The warnings issued by the tsunami center covered an area stretching the entire western coast of the United States and Canada from the Mexican border to Chignik Bay in Alaska.

In the Canadian pacific coast province of British Columbia, authorities evacuated marinas, beaches and other areas.

Officials in two coastal Washington counties used an automated phone alert system, phoning residents on the coast and in low-lying areas and asking them to move to higher ground.

"We certainly don’t want to cry wolf," said Sheriff Scott Johnson of Washington’s Pacific County. "We just have to hope we’re doing the right thing based on our information. We don’t want to be wrong and have people hurt or killed.

In Oregon, sirens blasted in some coastal communities and at least one hotel was evacuated in the northern part of the state. Restaurants, gift shops and other beachfront business stayed shuttered, and schools up and down the coast were closed.

Albert Wood of Seaside, Ore., said he and his wife decided to leave their home late last night after watching news about the Japan quake. He, his wife and dozens of other people stood on a hilly area overlooking the tourist town to wait out the waves.

In Santa Cruz, Calif., retreating waves broke loose a couple of boats and a dock as the waves surged.

"Water was being sucked out of the harbor mouth, it was like a river," said tour boat operator Dan Haifley. "The water dropped, and we could see the sandy bottom of the harbor."

Surfers who raced to the beach to catch the waves were undeterred.

"The tides are right, the swell is good, the weather is good, the tsunami is there. We’re going out," said William Hill, an off-duty California trooper.

Further north, fishermen moved crab boats to avoid the waves, taking no chances. A tsunami killed 11 people in 1964 in Crescent City, Calif.

Heavy swells have been rolling through the port and marinas of the Mexico’s Baja California resort of Cabo San Lucas. Some are several feet high, but no damage has been reported.

The Mexican navy says it had detected offshore swells of 2-1/3 feet related to the tsunami spawned by an 8.9-magnitude earthquake in Japan.

The swells appeared at least twice that high as they rocked boats in the harbor, but they have not topped the seawalls at marinas in Los Cabos.

Mexico earlier closed the cargo port of Manzanillo and officials say some ships have delayed entering ports to avoid possible problems.

 

Latin American governments ordered islanders and coastal residents to head for higher ground. First affected would be Chile’s Easter Island, in the remote South Pacific, about 2,175 miles west of the capital of Santiago, where people planned to evacuate the only town. Ecuador’s President Rafael Correa declared a state of emergency and ordered people on the Galapagos Islands and the coast of the mainland to seek higher ground.

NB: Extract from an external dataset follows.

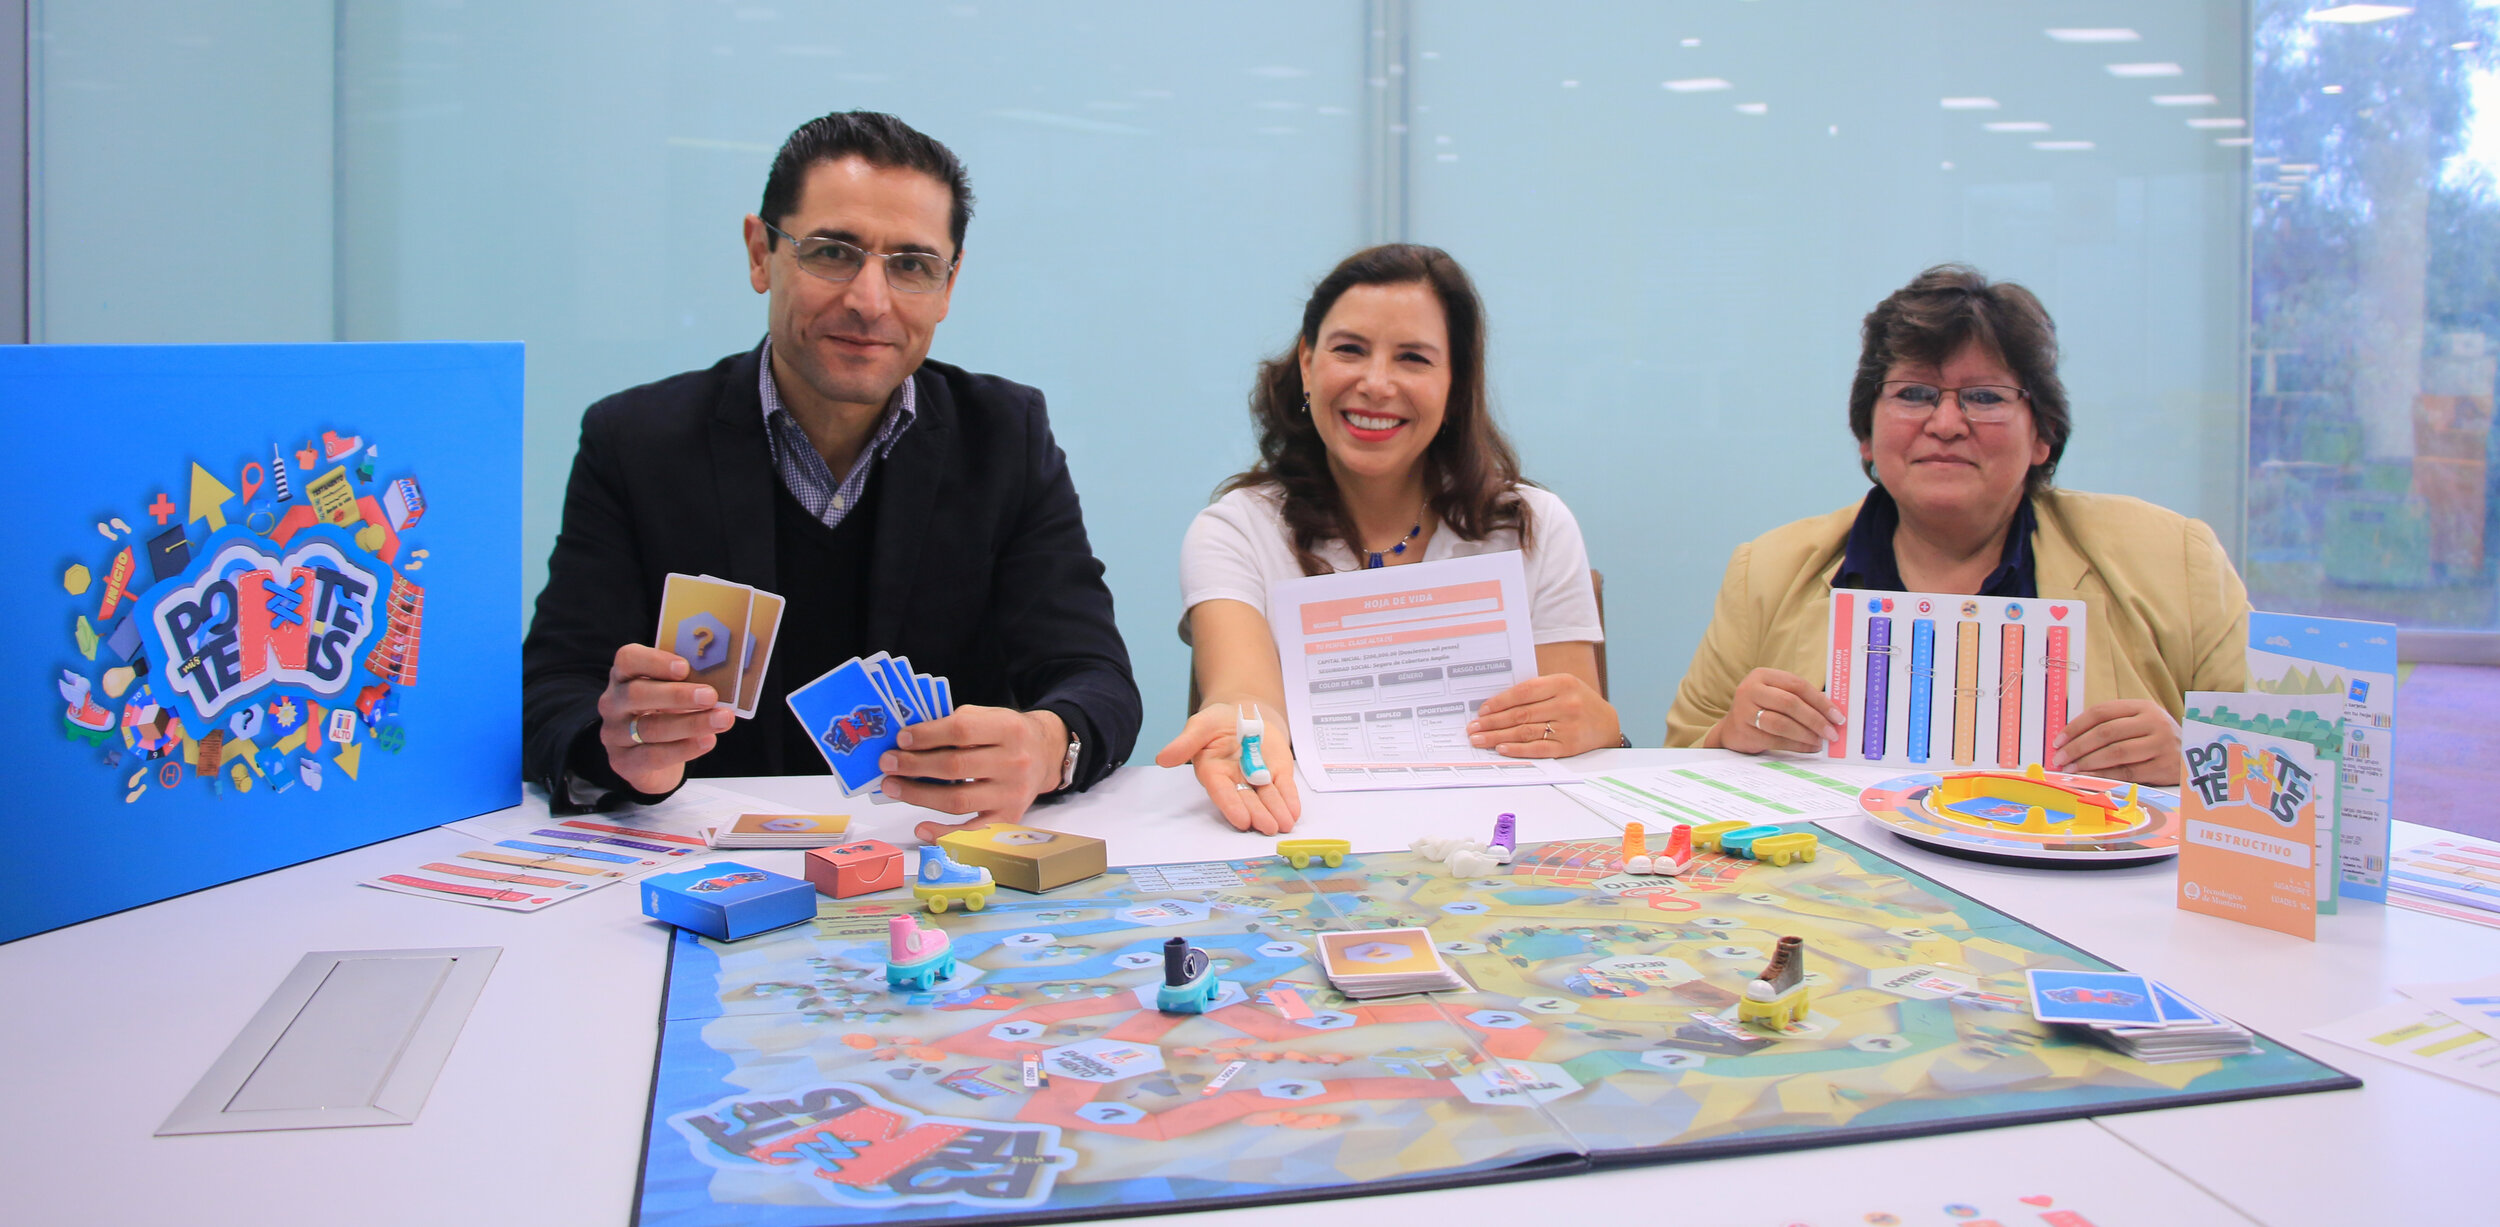 “Ponte N mis Tenis”: a board game to learn ethical awareness and citizenship
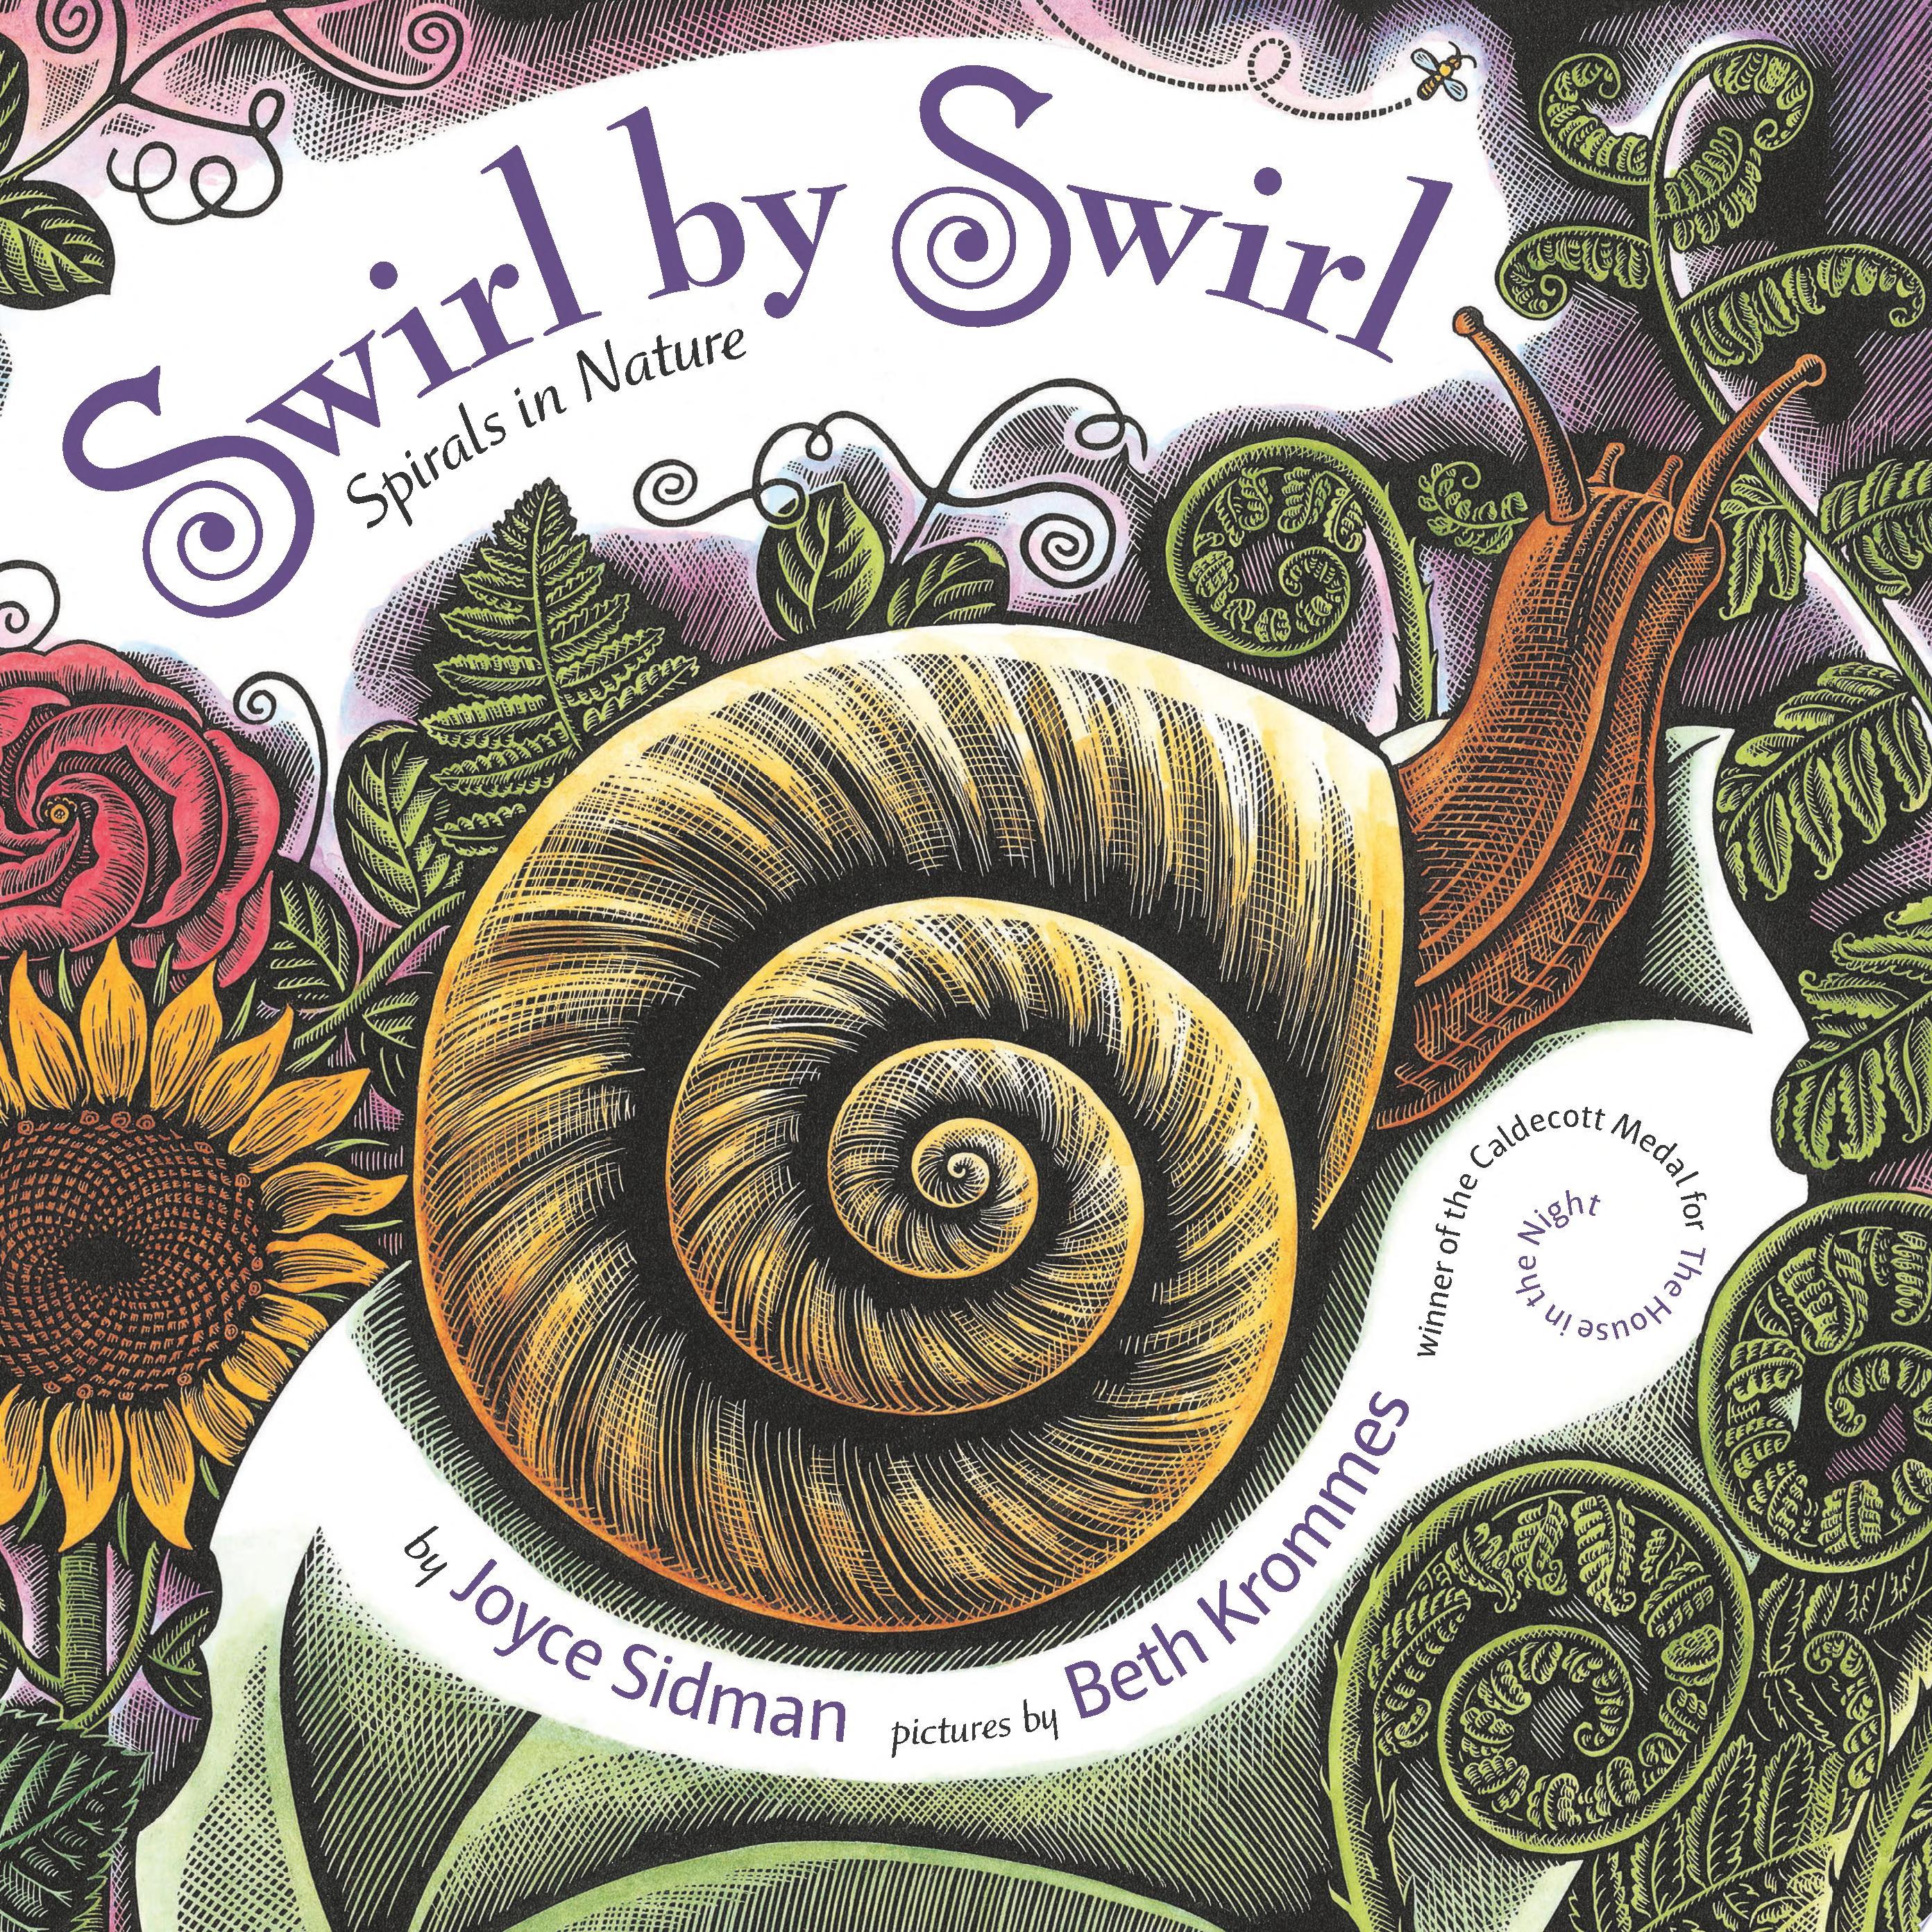 Image for "Swirl by Swirl"

The worst big wave to strike the U.S. was a 1946 tsunami caused by a magnitude of 8.1 earthquake near Unimak Islands, Alaska, that killed 165 people, mostly in Hawaii. In 1960, a magnitude 9.5 earthquake in southern Chile caused a tsunami that killed at least 1,716 people, including 61 people in Hilo. It also destroyed most of that city’s downtown. On the U.S. mainland, a 1964 tsunami from a 9.2 magnitude earthquake in Prince William Sound, Alaska, struck Washington State, Oregon and California. It killed 128 people, including 11 in Crescent City, Calif.